The United States is looking into an explosion at a major gas pipeline in Syria this week, but the episode bears the hallmarks of the Islamic State, James Jeffrey, the U.S. envoy for Syria, said Monday. “It was almost certainly a strike by ISIS,” Mr. Jeffrey told reporters in Geneva at the start of United Nations-sponsored talks of the Syrian Constitutional Committee.
American officials have sought to play down the ISIS threat in northeastern Syria, arguing that the insurgents no longer hold any territory and, at best, can only menace local tribal leaders and others who cooperate with the U.S.-backed Syrian Democratic Forces, a Syrian Kurdish militia.

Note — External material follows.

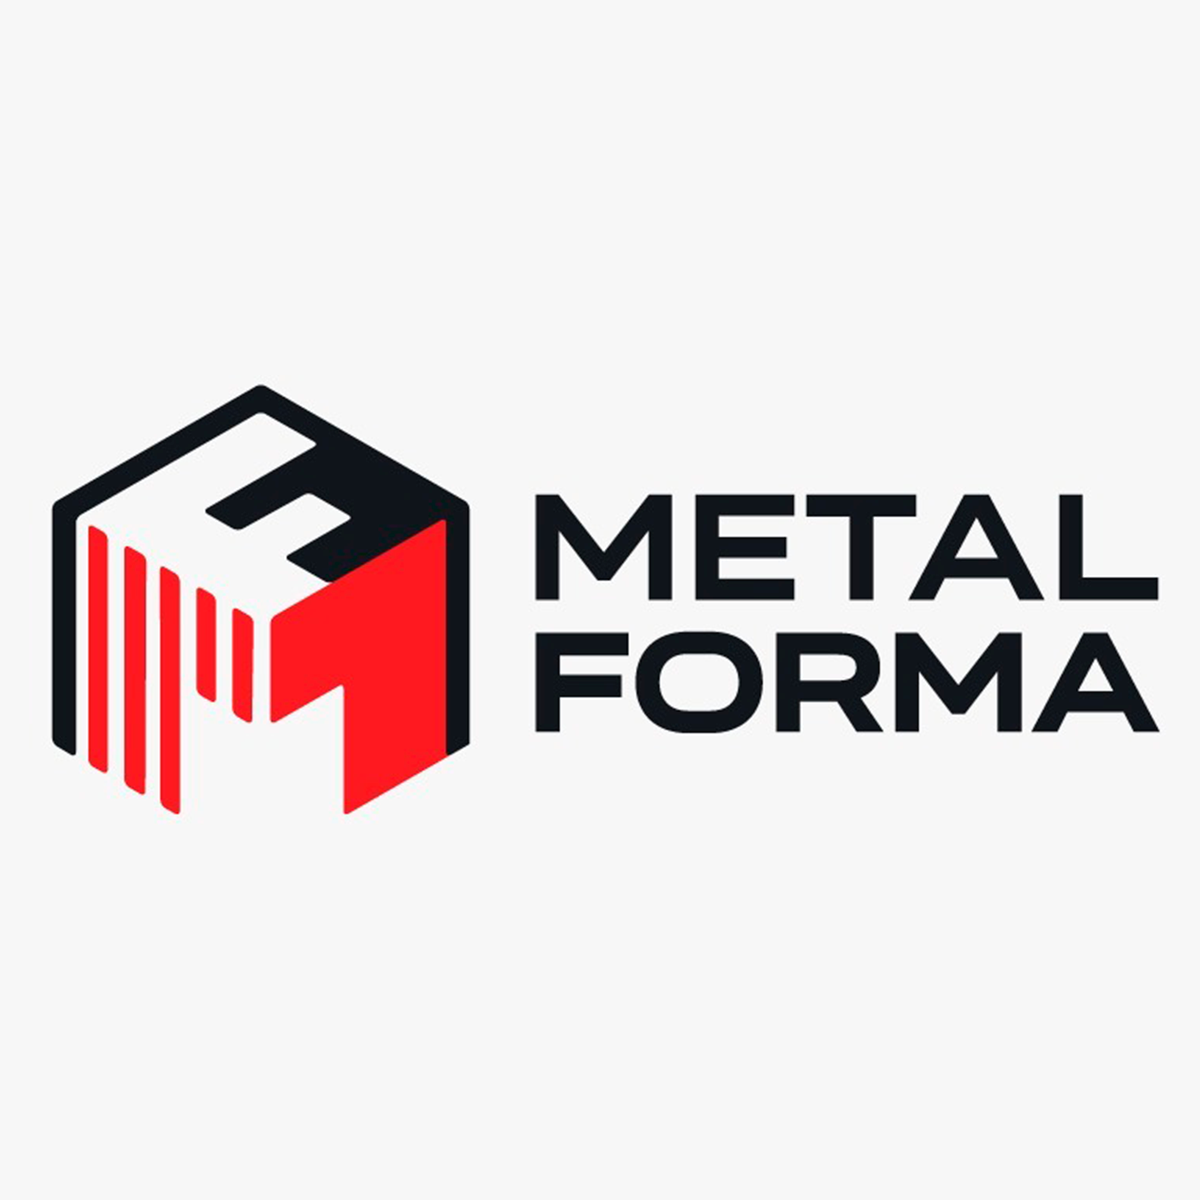 Metalforma Indústria e Comércio Ltda (Macfort)

“Our assessment is that it is a threat but it isn’t an increasing threat,” William V. Roebuck, a career Foreign Service officer who is the Trump administration’s deputy special envoy to the Global Coalition to Defeat ISIS, told a virtual security conference this month organized by the United States Institute of Peace. “They’re not able to mount sophisticated attacks or operations.”
Speaking at the same conference, Gen. Kenneth F. McKenzie Jr., commander of the Central Command, said the United States would eventually draw down its troops in Syria, but offered no timetables.
“I don’t think we’re going to be in Syria forever,” General McKenzie said. “At some point, we do want to get smaller there. I just don’t know when that’s going to be. As long as we remain, we’re going to work very hard to finish off ISIS.”